Look Around You

Vienna, being the seat of the Holy Roman Empire for centuries, is lavishly abundant in high culture. The list of museums reads long and the quality of exhibits in each is top-notch. There are a handful of notable Art Museums, one has Egon Schiele, another has Monets, the next Cézannes, the next Picassos, Klimt, Renoir, Chagall. Seriously, it’s incredible to be surrounded by the works of so many world-regarded artists.

This past weekend, I returned for my second time to this lovely city to stay with Kat’s hospitable aunt and uncle in their very classic European-esque apartment with a guest room fit for at least 5 people complete with the comfiest beds. Europe really does know how to do bedding. Skip the top sheet, stick to a fluffy, enveloping duvet. They wined and dined us, bringing us to infamous Viennese Cafés with their sassy and classy wait staff, the Naschmarkt to eat authentic Turkish kebabs and drippingly sweet baklava, and hip underground bars. We spent the weekend forgetting we were broke college students and marveling in their generosity.

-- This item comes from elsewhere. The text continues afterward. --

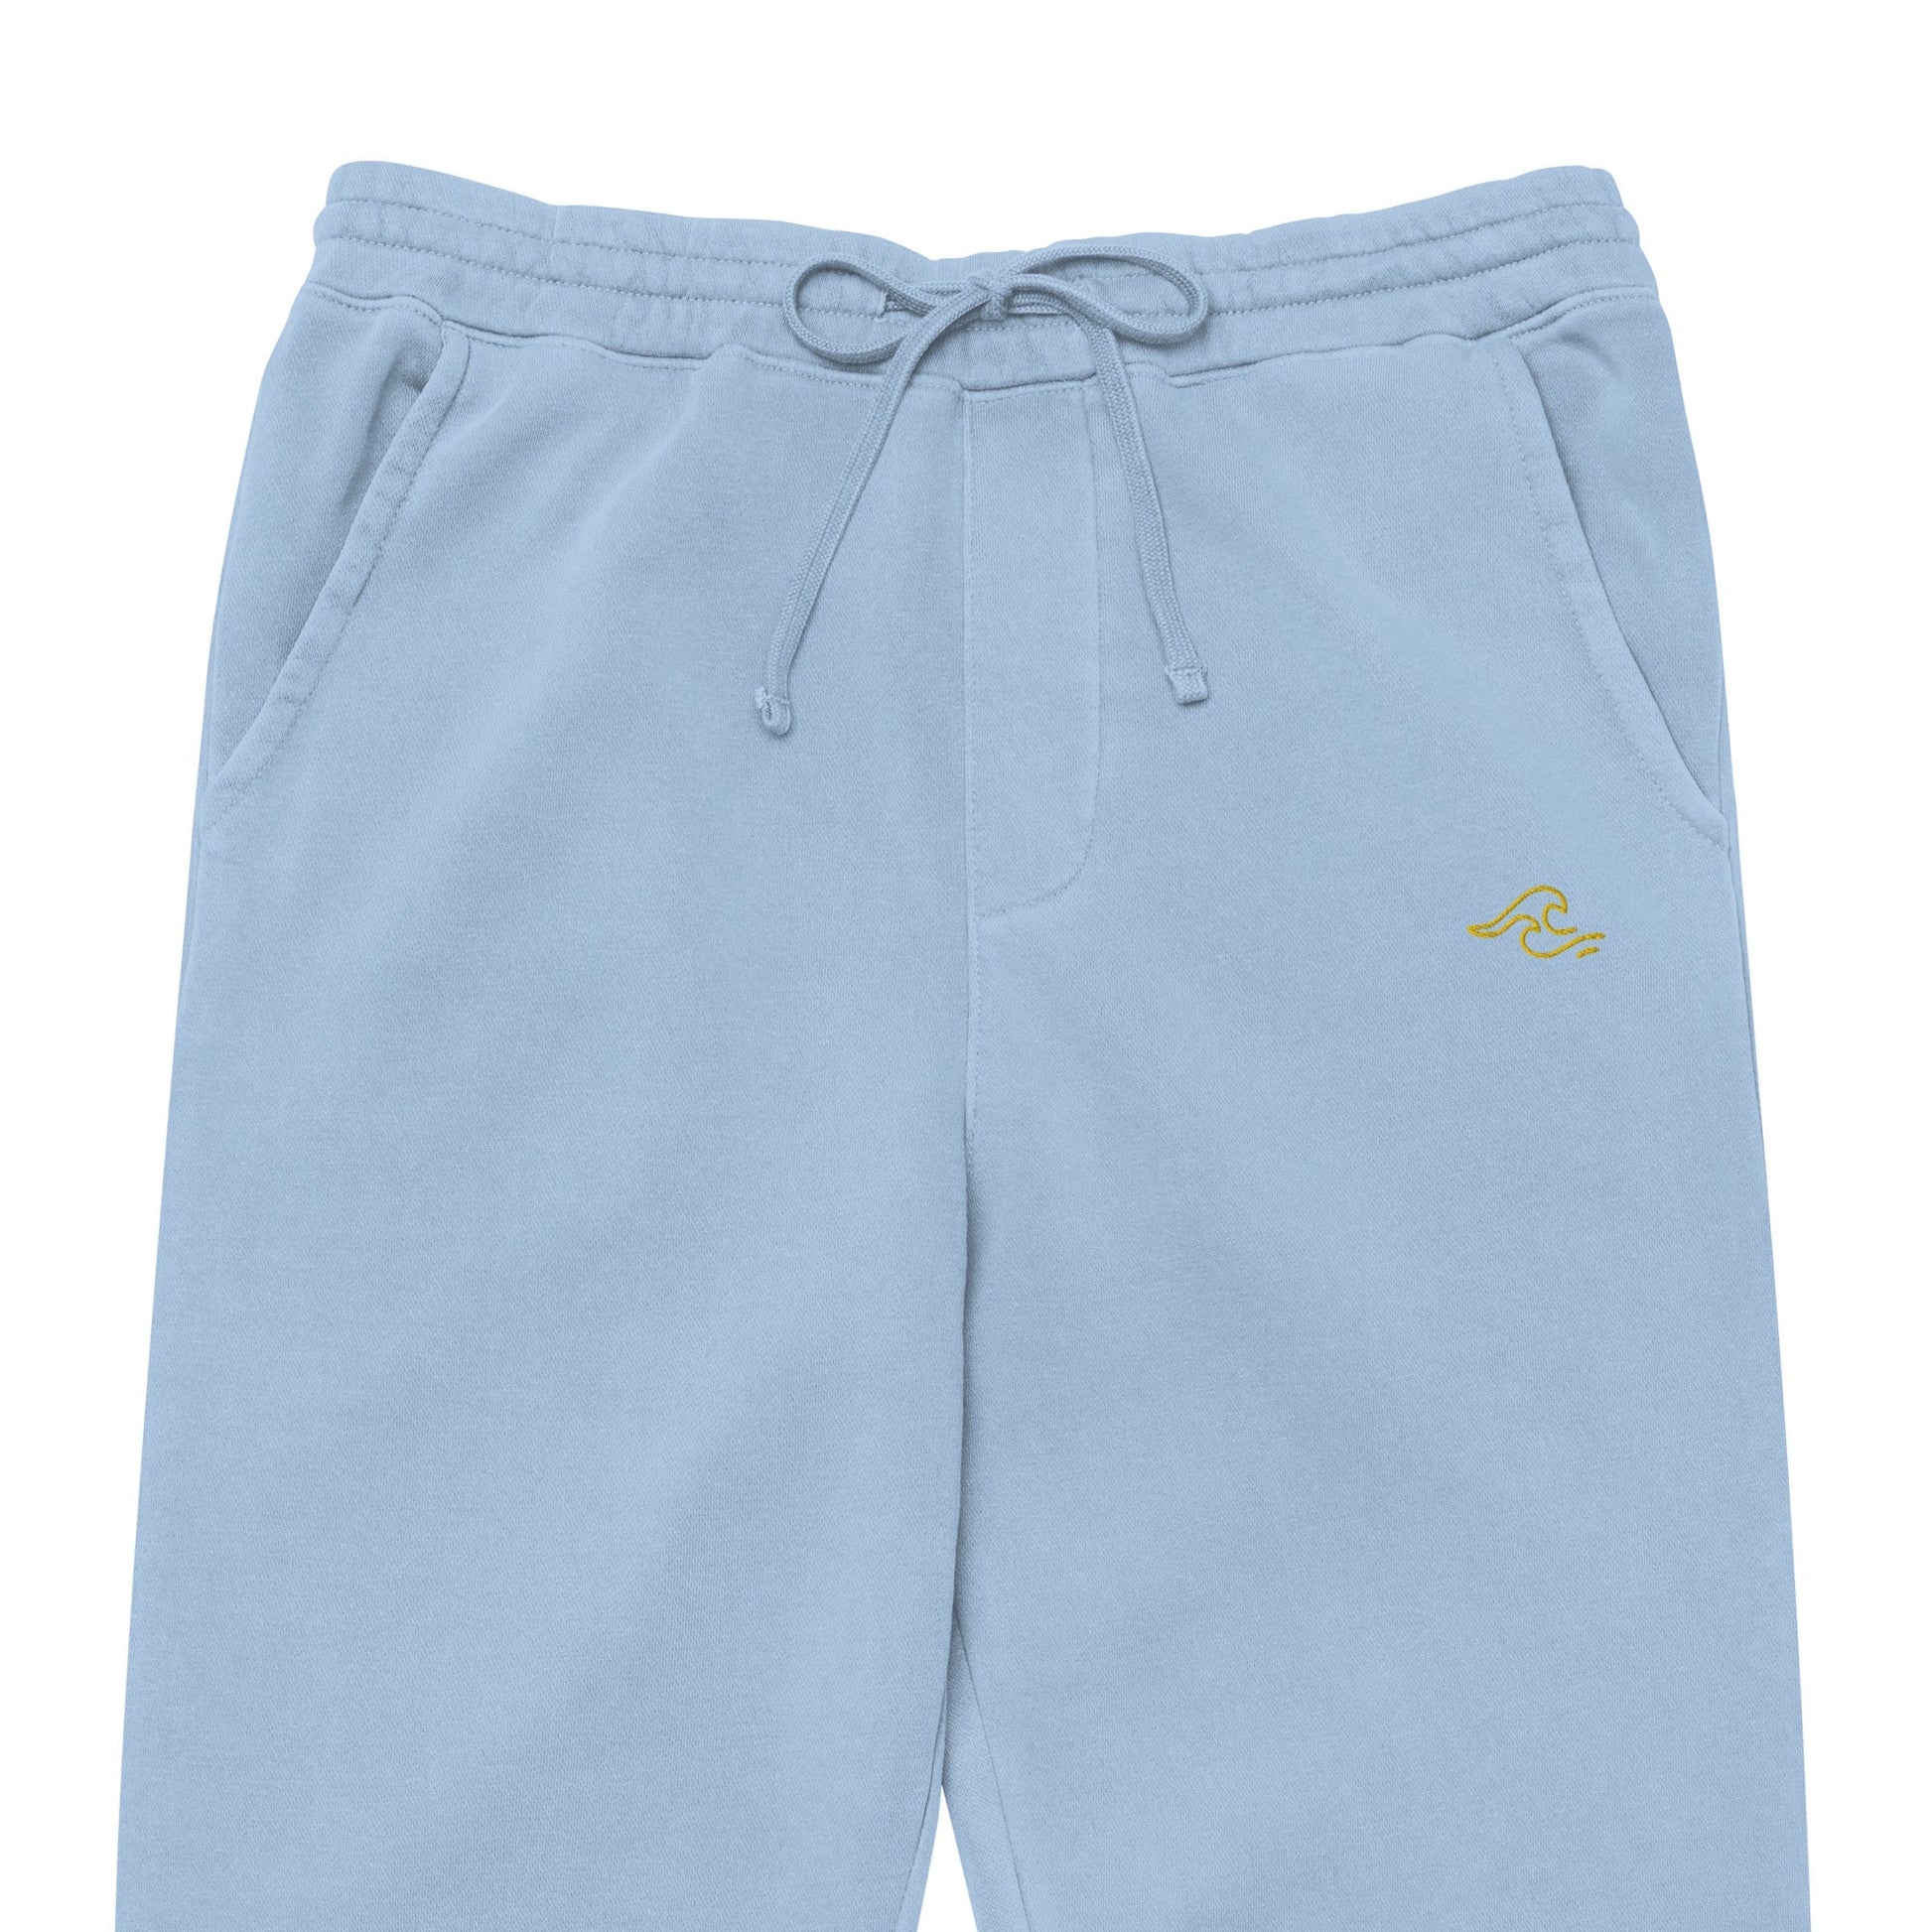 Comfort Swell sweatpants - Tropical Seas Clothing

Getting to explore and wander the city I enjoyed so much the first time was a perfect way to spend a misty Fall weekend. But seeing two of the world’s best art museums was an incredible experience.

Marc Chagall
The Kite 1926

The Albertina was this glorious palace built in the 17th C. originally as a Court Construction Office and later became the Palais Taroucca as the Court director refurbished it and made it his residence. In 1919, possession passed from the Hapsburgs to the (newly-founded) Republic of Austria to whom it still belongs.

Still Life with Guitar
Picasso 1942

They house a permanent Modernism exhibit, displaying rooms and rooms of Picassos, Klees, Delveauxs, Chagalls, and Delaunays. The pieces were stunning, but I still prefer Impressionism.

Paul Delveaux
Landscape with Lanterns 1958

The Leopold Museum on the other hand was only opened in 2001 and mainly displays Austrian works of art from the 19th and 20th C. It houses the world’s largest collection of Egon Schiele. The core of the museum shows the gradual shift from Secession to Art Nouveau to Expressionism.

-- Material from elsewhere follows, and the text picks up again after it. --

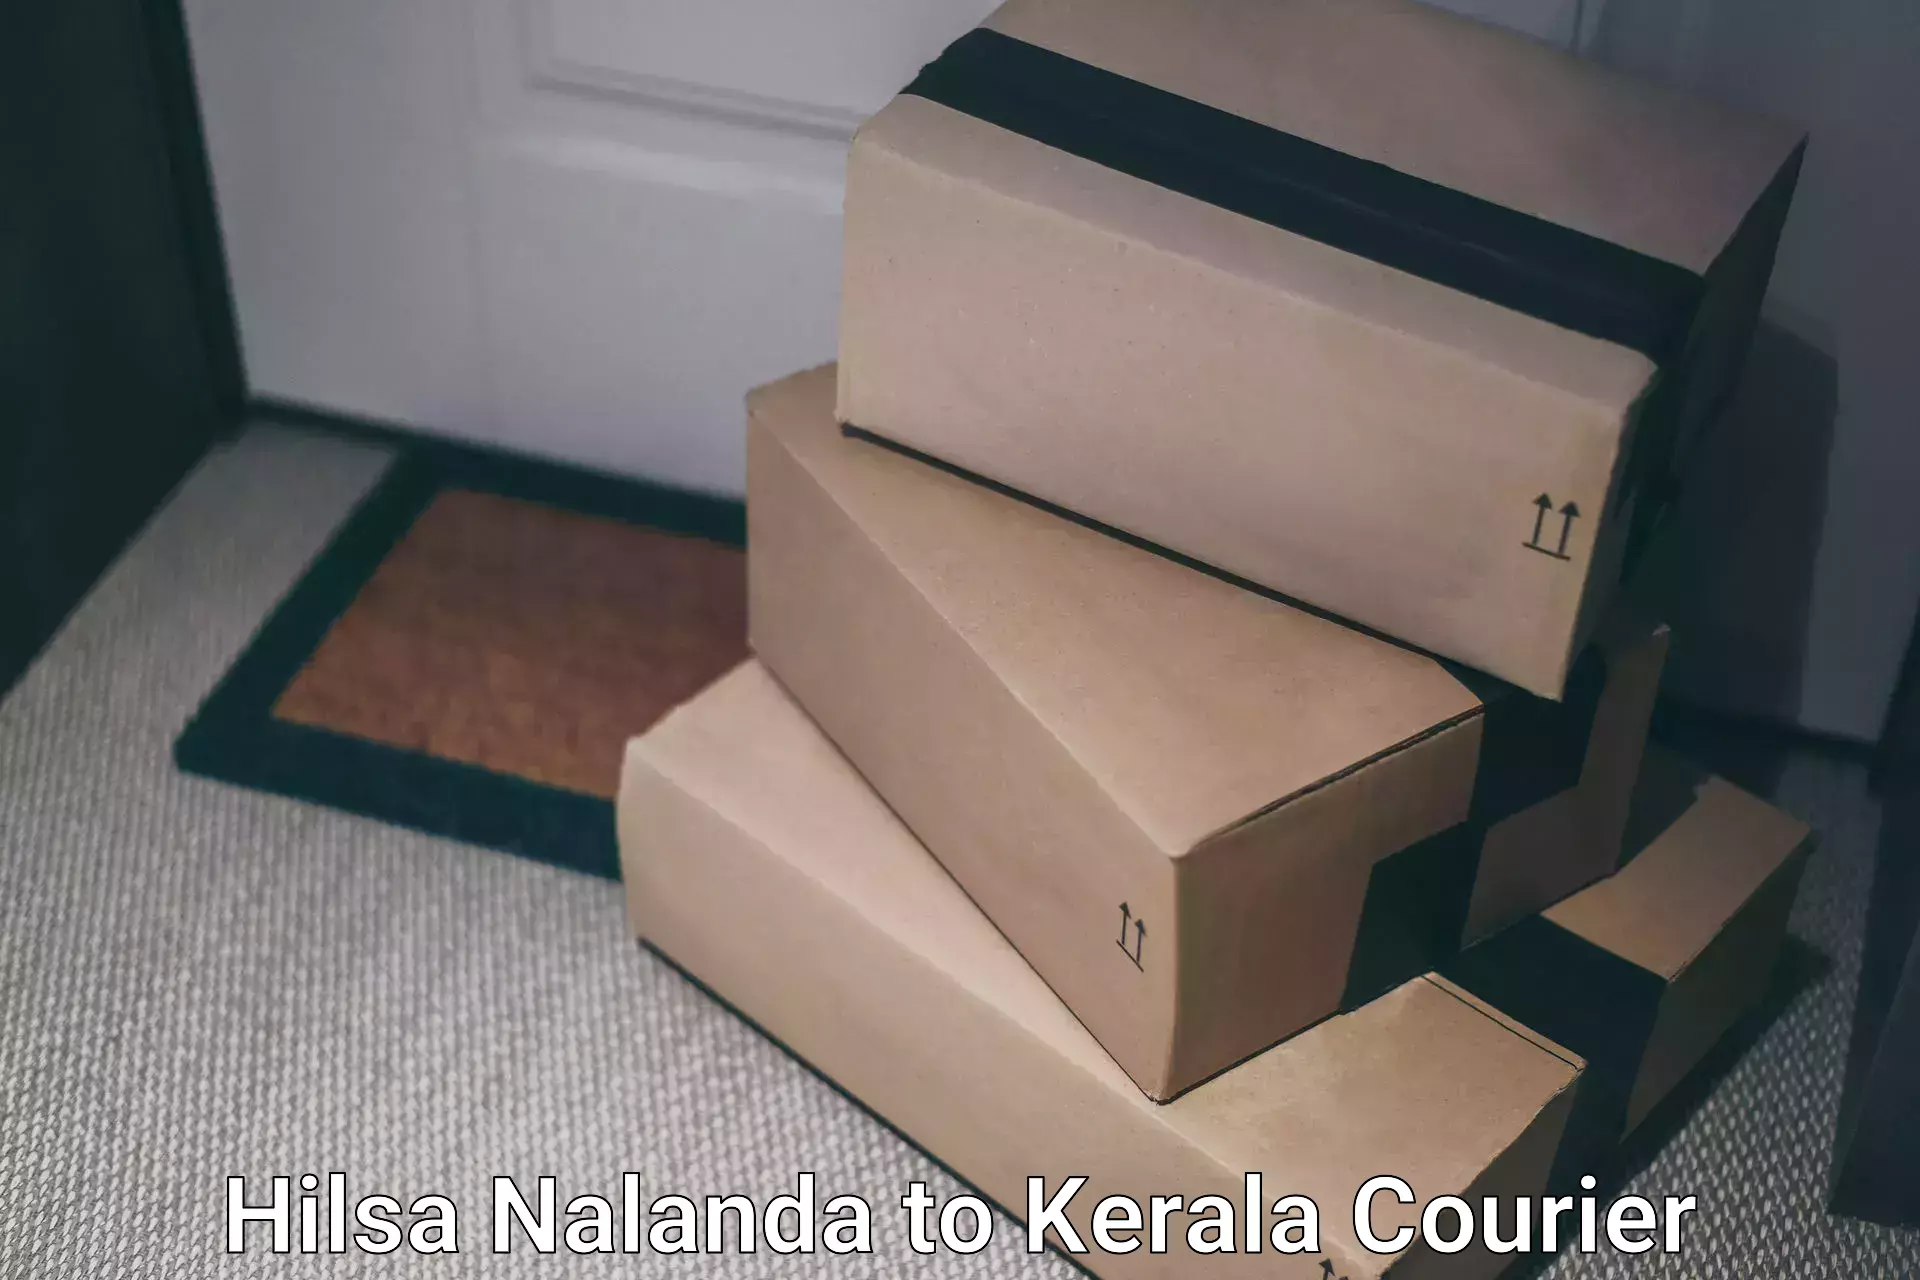 Express delivery network Hilsa Nalanda to Malappuram

A little piece of my life has been completed after a visit to the Leopold, as I got the chance to see my favorite piece of art of all time. “The Great Wave off Kanagawa” was being shown as part of the “Japan – Fragilität Des Dasiens” (Fragility of Existence) Exhibit. It was a beautiful collection of artwork – wood-block prints, calligraphy scrolls, painted panels, nature photography-  and infused the art patrons with a sense of serenity and revelry of nature.

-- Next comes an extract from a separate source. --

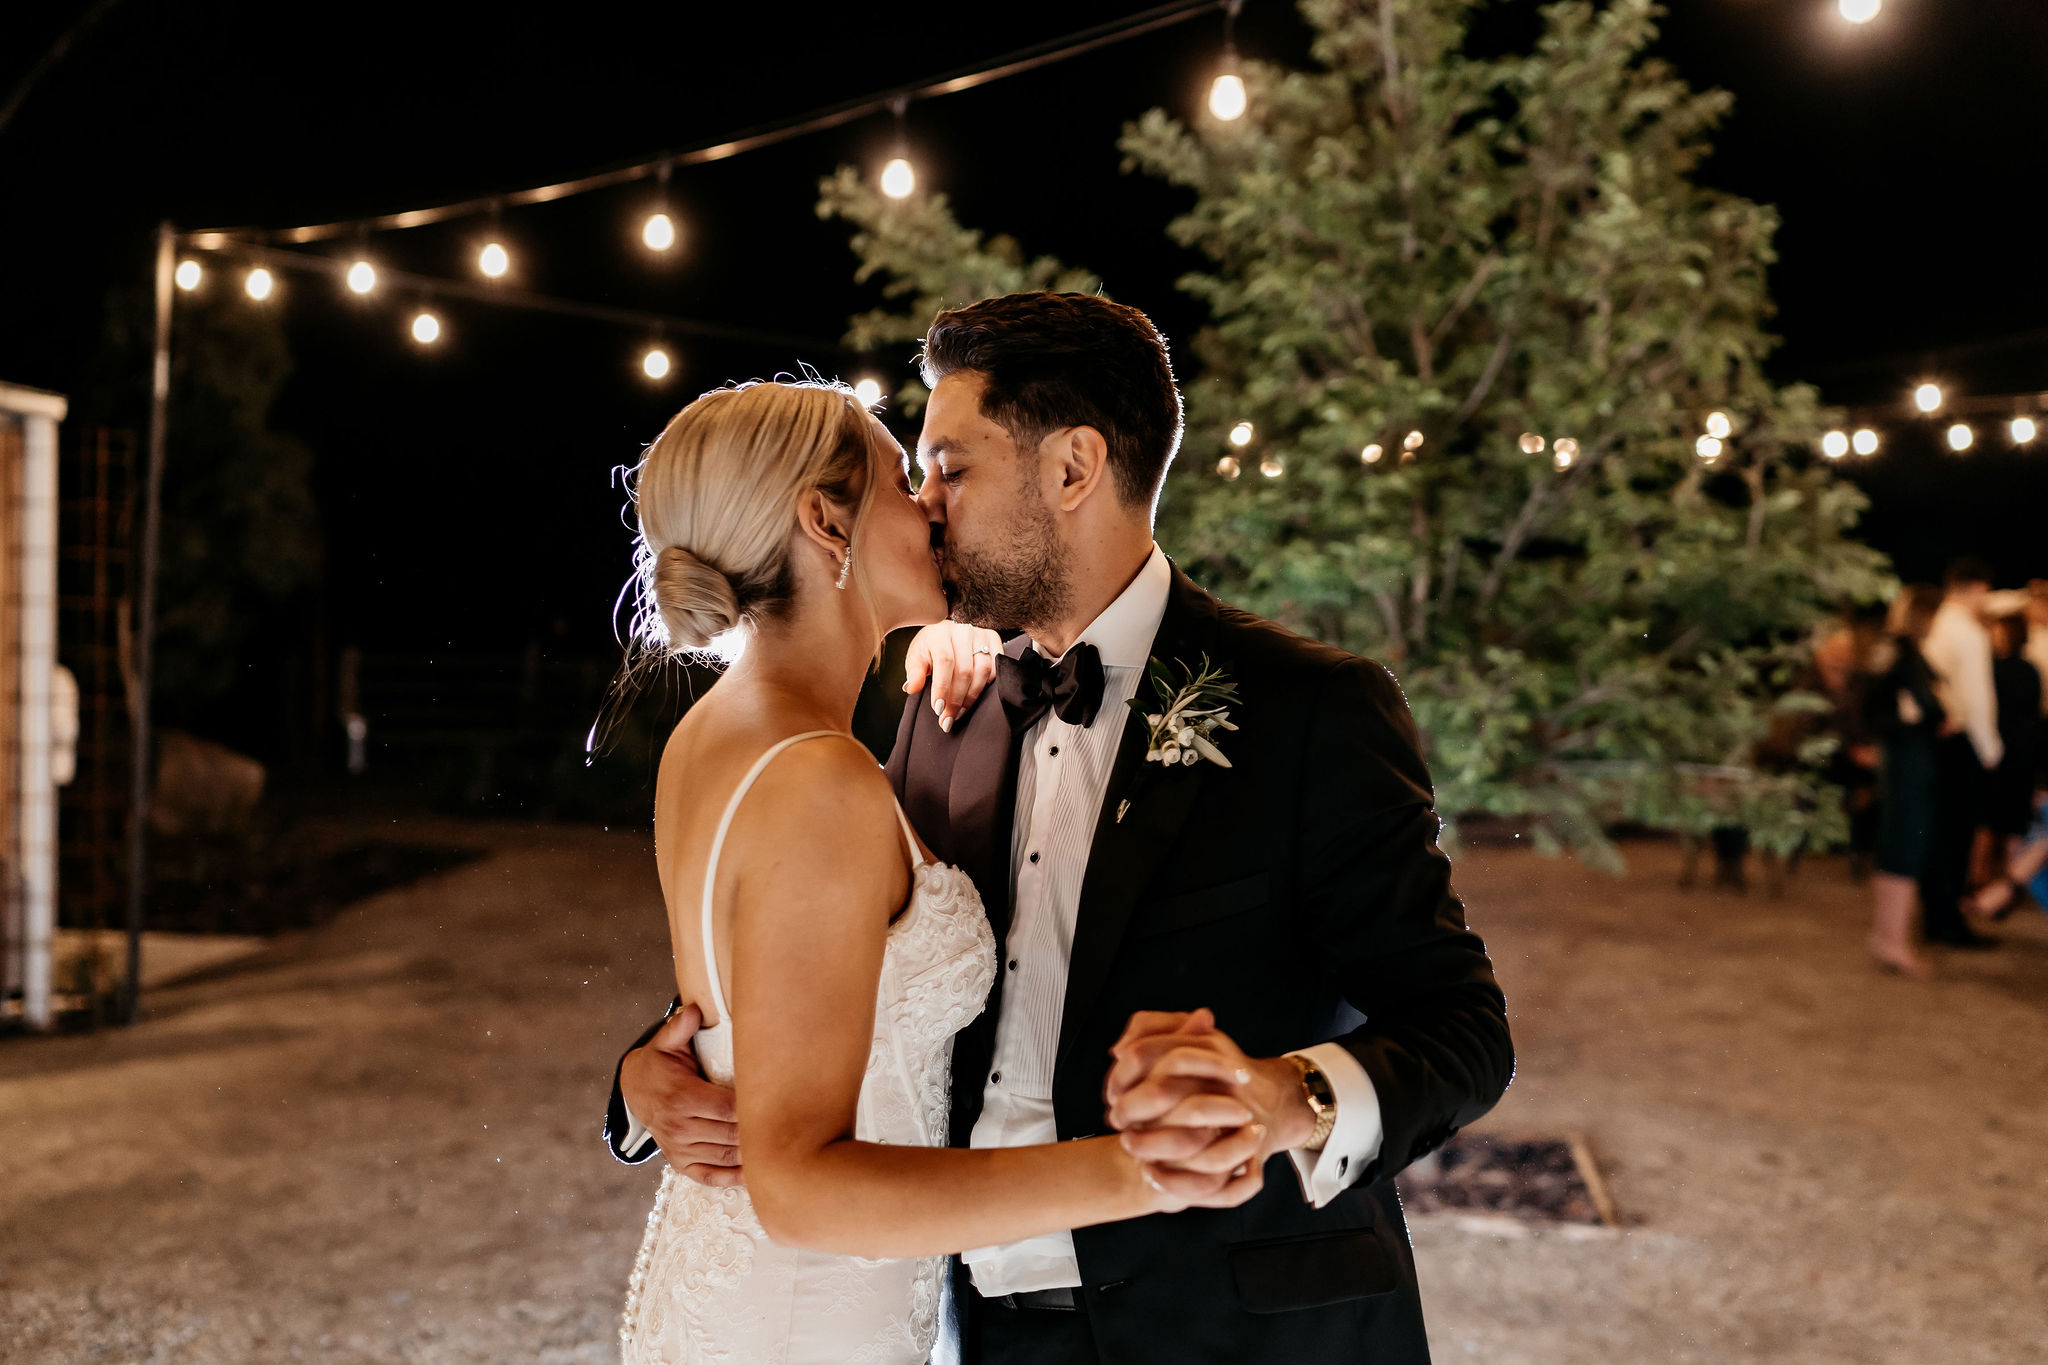 Erin & Luke's wedding under festoon lights

My mom has had a print of “The Great Wave off Kanagawa” hanging in her office for years and years while I was growing up. I would see it in passing day after day but never particularly proclaimed it as lovely, it was just part of the scene, unthought of and passed over. She didn’t know and I didn’t know that I would grow to love the image so very much just through being in its presence as a child. I surprised even myself when I saw the image at school once and my heart filled with excitement and certainty of my love of it. It proves the significance of our environment and the influence it suffuses over our lives and its power to affect you subconsciously.

Katsushika Hokusai
The Great Wave off Kanagawa 1829–32

So surround yourself with good things, good people, and good adventures!